La domanda ha una risposta legale diversa che in Europa: la Costituzione della Repubblica di Corea considera i nordcoreani già cittadini. Non sarebbero migranti. Sarebbero connazionali che tornano a casa. Ma la domanda pratica resta identica, e la risposta pratica è che non c’è filo spinato che tenga contro cinquantamila persone che hanno deciso di muoversi.
Non è nemmeno del tutto ipotetica. Un anno fa, nella notte fra il 30 e il 31 luglio — la stessa notte del calendario in cui quest’anno si è mossa Ceuta — un uomo ha attraversato quell’estuario a nuoto, legato a pezzi di polistirolo per restare a galla. I soldati sudcoreani lo hanno visto in mezzo alla corrente che chiedeva aiuto. Un ufficiale di marina gli ha gridato: «Siamo la Marina della Repubblica di Corea. Vuole rifugiarsi in Corea del Sud?». Ha risposto di sì. Per tirarlo fuori ci sono volute dieci ore.
Uno. Non cinquantamila. Ma la stessa acqua, e la stessa ragione.
È qui che mi si è rovesciato il ragionamento.
Per anni ho pensato ai flussi migratori come a un problema di gestione: quote, rimpatri, accordi bilaterali, pattugliamenti. Ma un confine non trattiene le persone. Trattiene, al massimo, la fretta con cui si muovono. Quello che le muove è più forte di qualunque barriera, perché è la cosa più ordinaria del mondo: la speranza che i propri figli stiano meglio di come si sta.
Nessuno attraversa uno stretto a nuoto, di notte, per cattiveria. Lo si fa per la stessa ragione per cui i miei conterranei salivano sulle navi per l’America e per l’Argentina: perché restando non si vedeva un modo.
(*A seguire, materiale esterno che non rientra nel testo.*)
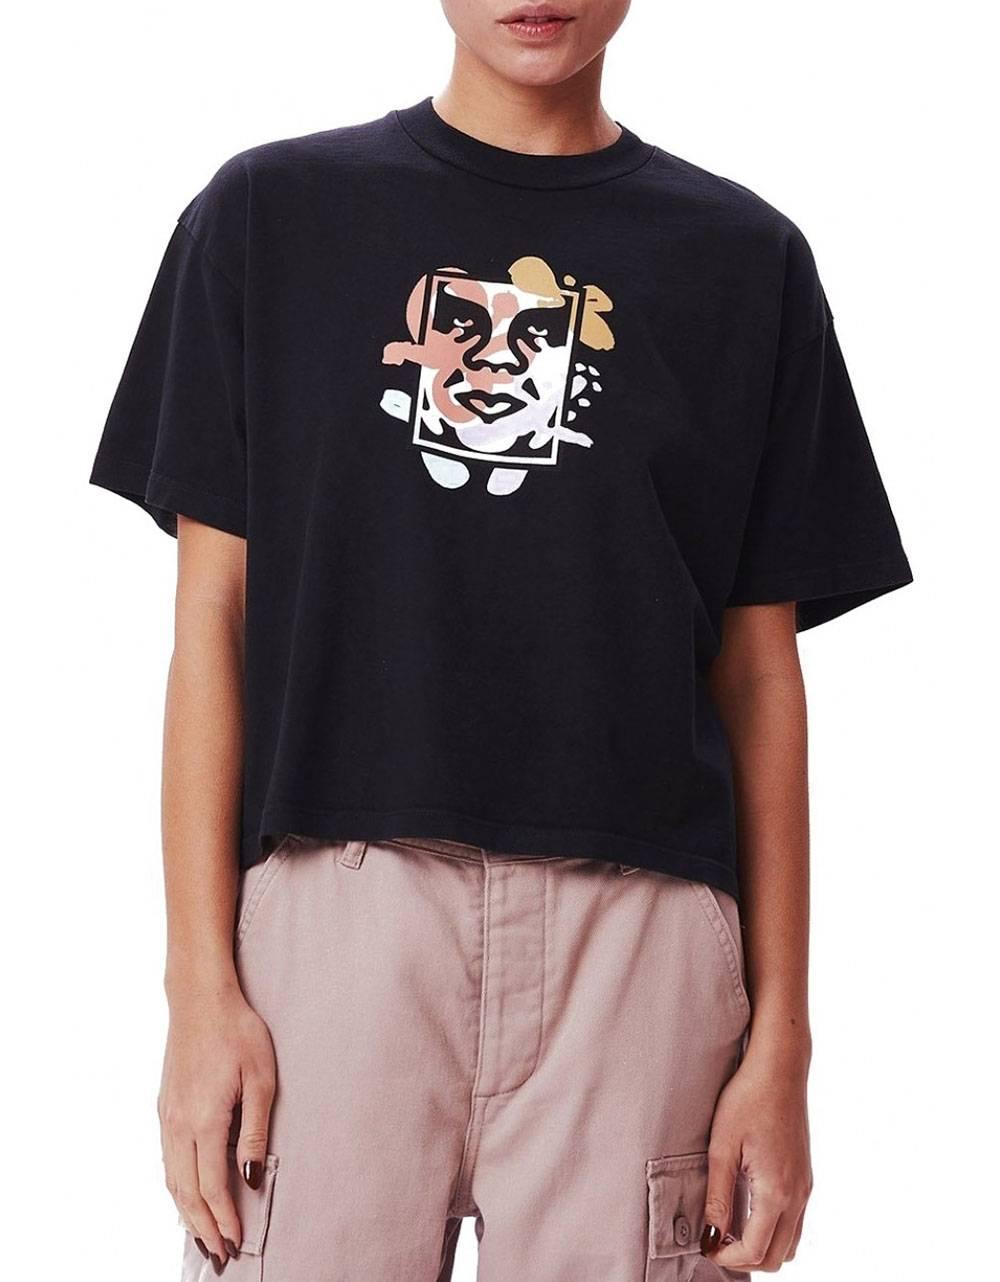 Obey Woman flower dance custom crop tee - off black obey T-shirt 36,89€

Se questo è vero, allora la partita non si gioca sul confine. Si gioca prima. Un paese ricco che spende in muri quello che potrebbe spendere in scuole, ospedali e lavoro dall’altra parte del muro sta comprando qualche anno, non una soluzione. E lo sta comprando caro.
Non ho un piano. Sospetto che chiunque dica di averlo stia vendendo qualcosa. Ma so che un problema che riguarda l’Africa, l’Europa, l’Asia e le Americhe non si risolve con una misura nazionale valida per il mese di agosto.
Abbiamo diviso il mondo con delle linee. Il mondo, però, non ha mai smesso di essere uno solo: mangiamo grano che cresce altrove, il nostro telefono contiene minerali di un paese che non sapremmo indicare sulla carta, e il clima che spinge qualcuno a partire non chiede il passaporto a nessuno.
Da Ganghwa, quella riva sembrava vicinissima. Lo era davvero.